The technical solutions in the embodiments of the present invention will be clearly and completely described below with reference to the drawings in the embodiments of the present invention, and it is obvious that the described embodiments are only a part of the embodiments of the present invention, and not all of the embodiments. All other embodiments, which can be derived by a person skilled in the art from the embodiments given herein without making any creative effort, shall fall within the protection scope of the present invention.

As shown in fig. 1-3, the present invention provides a method for removing rain from a single image based on multi-scale fusion generation of an anti-rain network, which includes the following steps, and the overall flow chart is shown in fig. 1:

step S1: an image data set is constructed.

The raw data set consisted of a total of 1119 pairs of rain and clear rain-free images, including a training set (860 pairs) and a test set (259 pairs). In order to solve the problem of few data set samples, data enhancement is carried out on the data set: the method comprises the following steps of 1: 1.5, the contrast of the image is enhanced, and the brightness of the image is improved; and secondly, image inversion, namely performing 180-degree image inversion on the rain image and the clear image of the original data set to enrich the data set, so that the generalization capability and the robustness of the model during training are improved.

Step S2: and (3) detecting the saliency of the image, namely accurately detecting a raindrop region and an edge region thereof in the image to obtain a saliency map.

Step S2.1: the super-pixel segmentation adopts an SLIC algorithm, and the computational complexity of the subsequent processing of the picture is reduced on the basis of keeping the integrity of the target characteristics.
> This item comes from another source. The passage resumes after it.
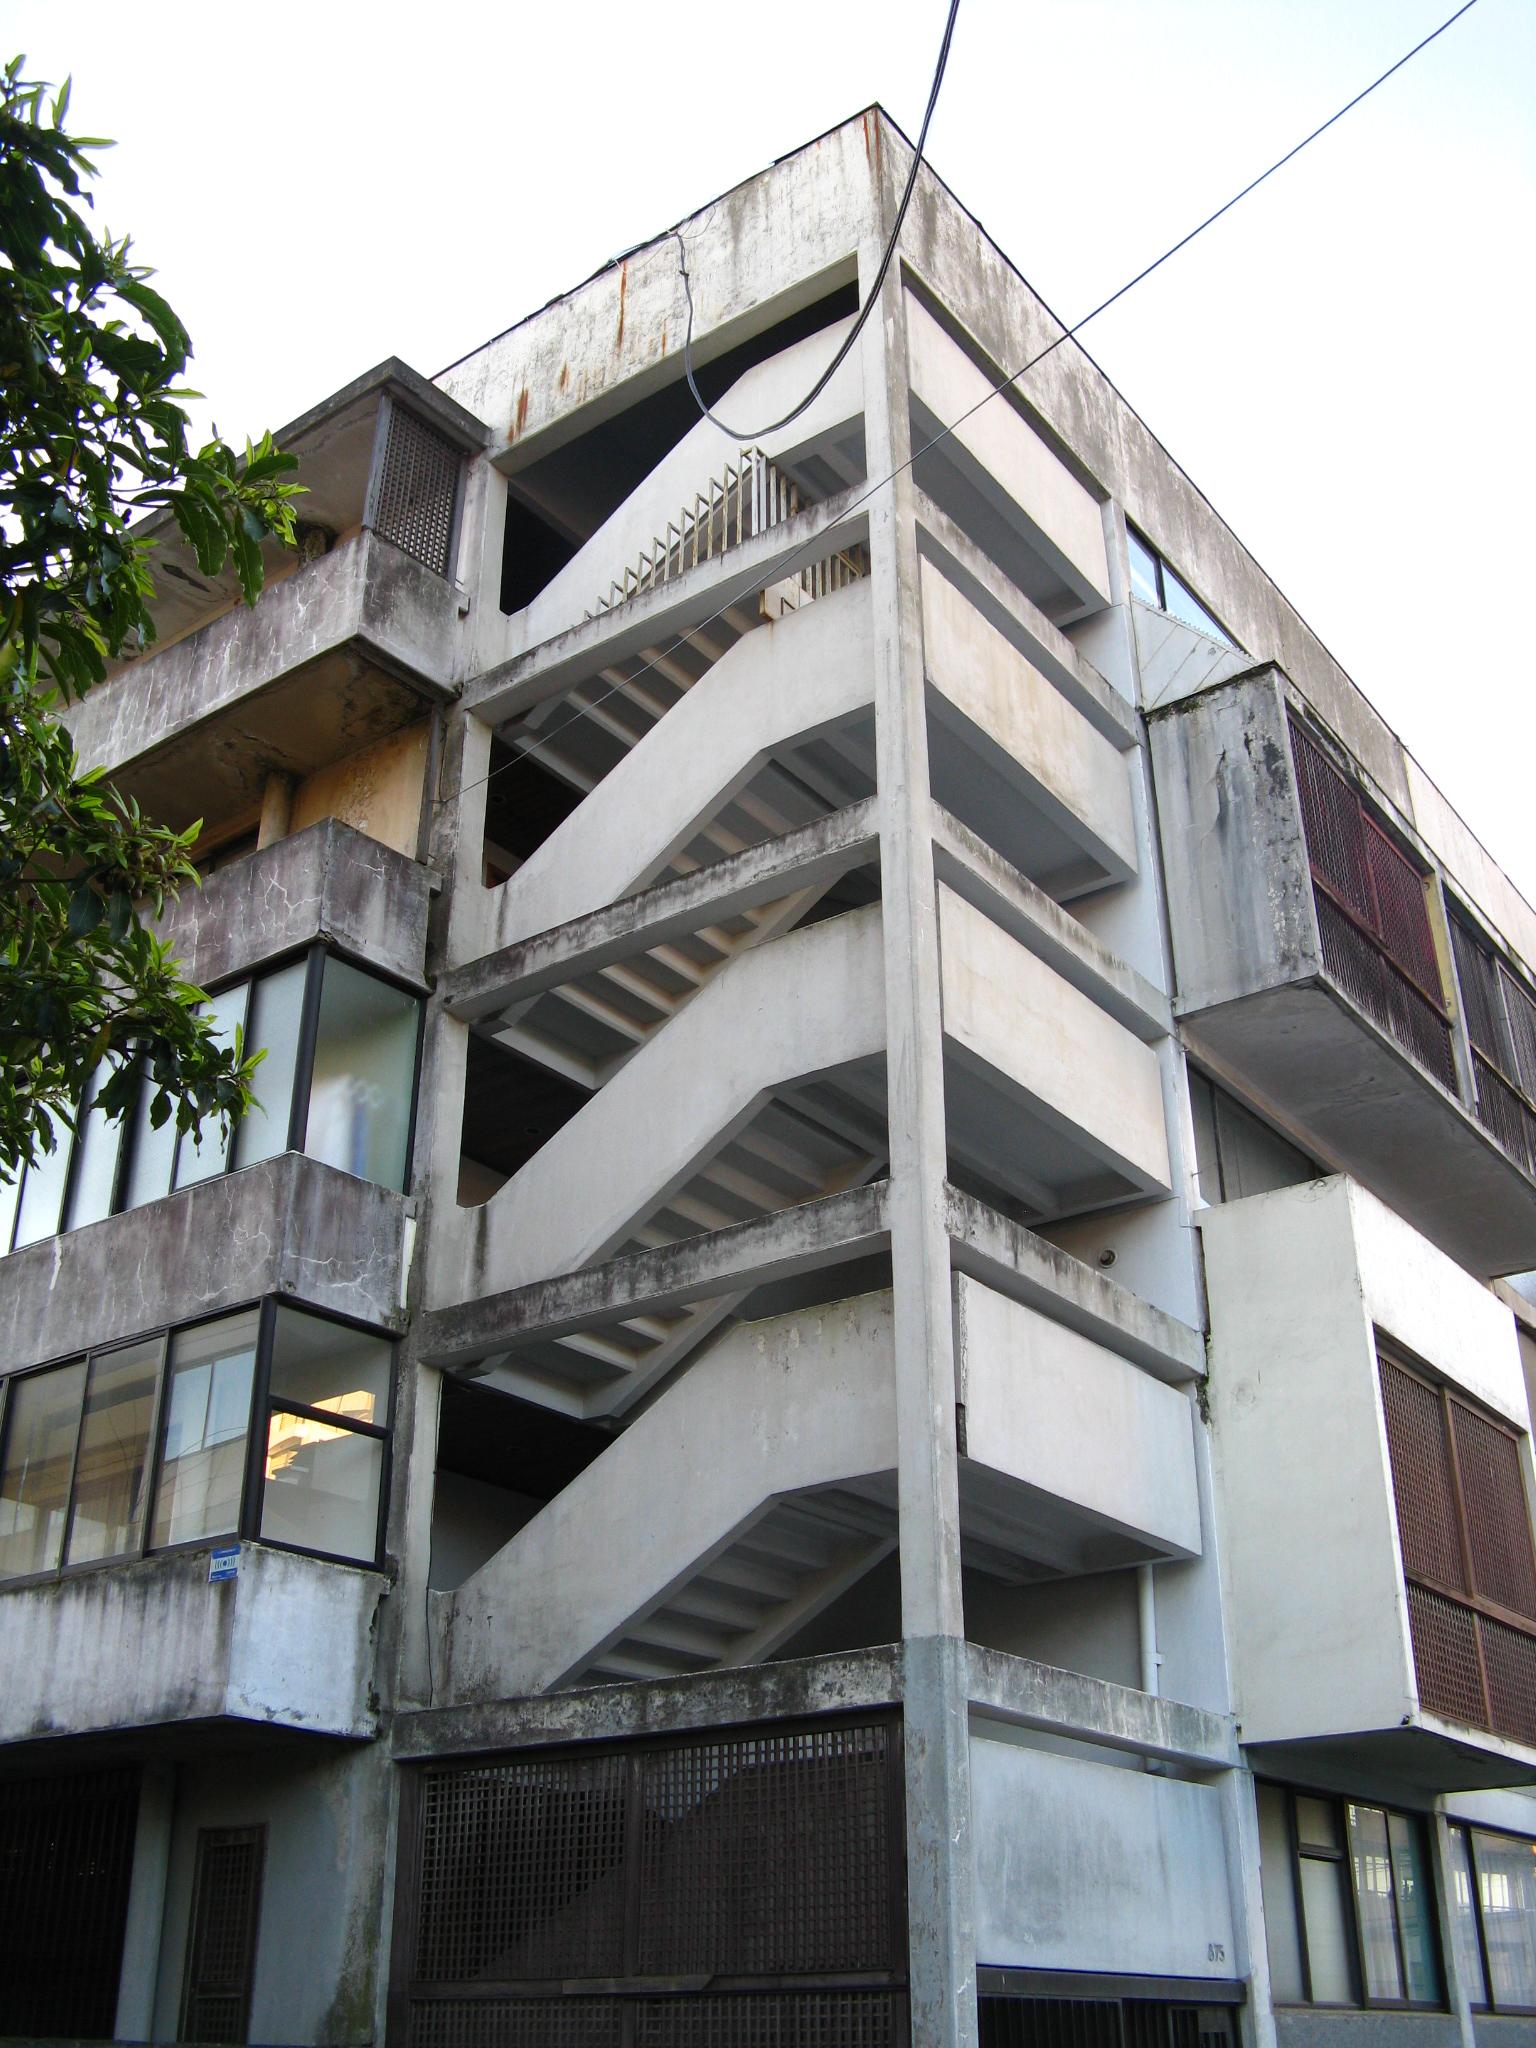 Arquitectura Casas Escaleras Exteriores Arquitectura: File:Edificio Arauco

Step S2.2: and determining a raindrop area through the image significance, and realizing the detection of raindrop pixels by combining a raindrop model.

The raindrop model is the combination of a background image and a raindrop effect, and the model is as follows:

D＝(1-M(x))⊙C+R

where D is the input rained image, M is a binary mask, where M (x) ═ 1 in the mask indicates that pixel x is part of the raindrop region, otherwise, it is part of the background region, C is the clear image, and R is the effect of raindrops. Operator |, indicates element multiplication. For the raininess image in the training set constructed in the step 1, the raininess image D is subtracted by the corresponding clear image C to obtain a mask portion affected by raindrops, and then whether the area is a part of a raindrop area is determined through image saliency detection.
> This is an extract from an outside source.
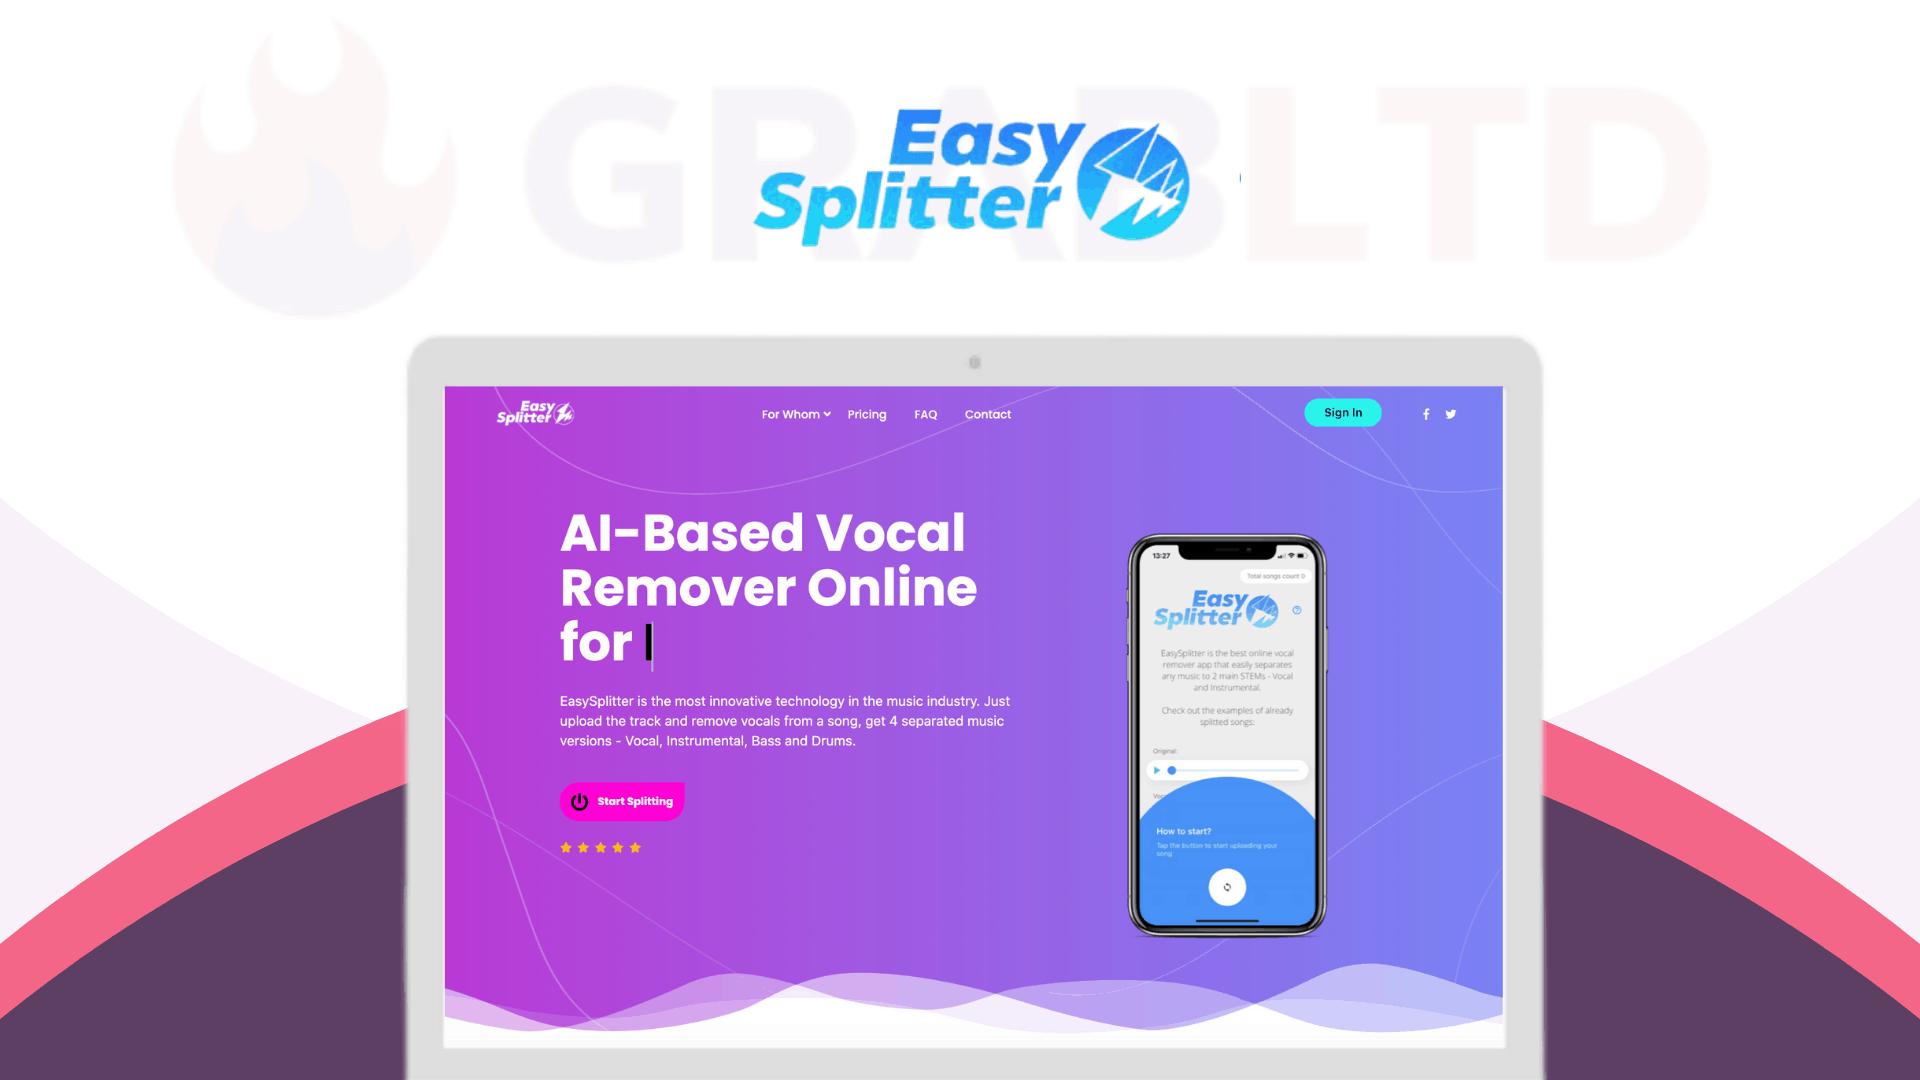 EasySplitter | AI-Based Vocal Remover Online 1

Step S2.3: and edge detection is performed by combining the raindrop image, so that the detection precision of the raindrop area is improved, and the saliency map is finally obtained.
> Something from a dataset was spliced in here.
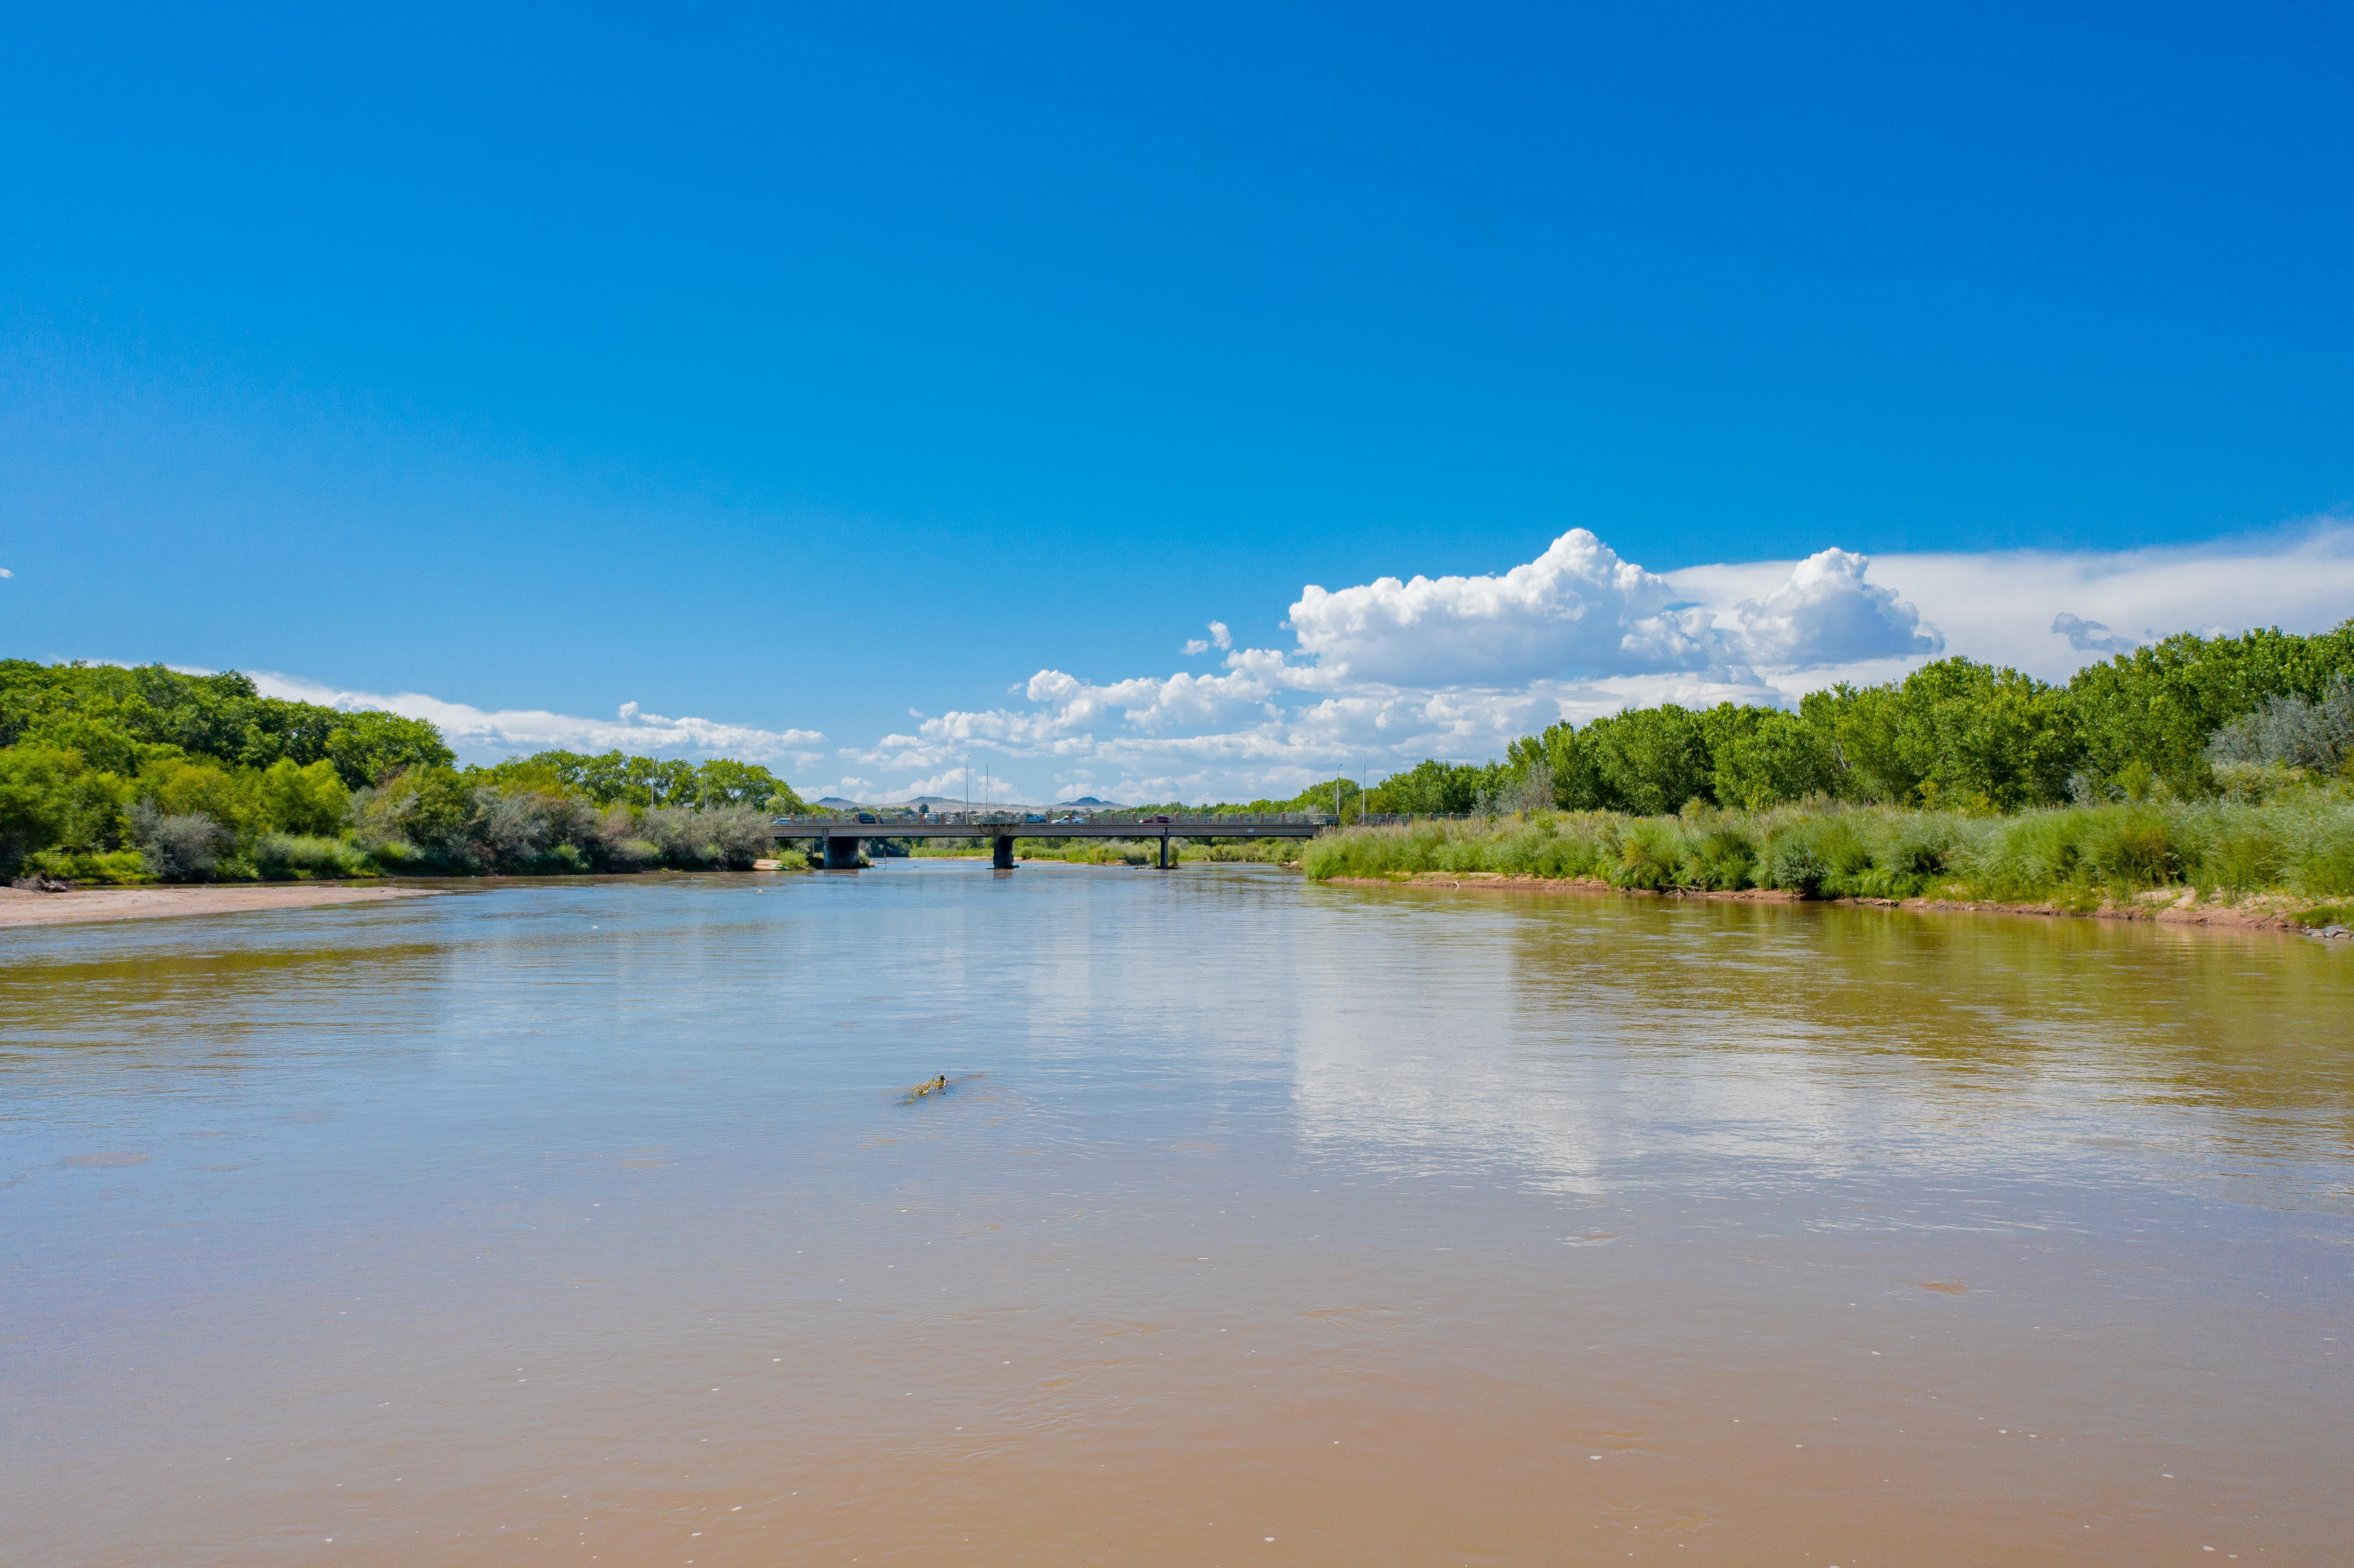 A photo of the Rio Grande.

The raindrop area and the edge area thereof in the image can be accurately detected by detecting the raindrop image through the image saliency, so that the network can remarkably notice the raindrop area in the image, the detection precision of the raindrop area is improved, and the saliency map is finally obtained, namely the raindrop area to be repaired is detected.

Step S3: and performing Concat fusion on the rain image and the saliency map to generate a fused image.

In the invention, the Concat fusion mode is that channel dimensionality is combined, information under each layer of characteristics is not increased, but information amount under each dimensionality is increased, so that the overall characteristic information of the image is increased, the fused image contains richer characteristic information, the reality of the generated rain removing image is greatly facilitated, and the training effect is better.

Step S4: the fused image generated in step S3 is sent to a multi-scale fusion generation countermeasure network (hereinafter referred to as MsF-GAN network, the network structure is shown in fig. 3) for rain removal training, so as to obtain an image rain removal processing network model.

Step S4.1: and fusing the generator network of the image input MsF-GAN network to generate a clear rain-free image G (R) and define a generator multi-scale loss function.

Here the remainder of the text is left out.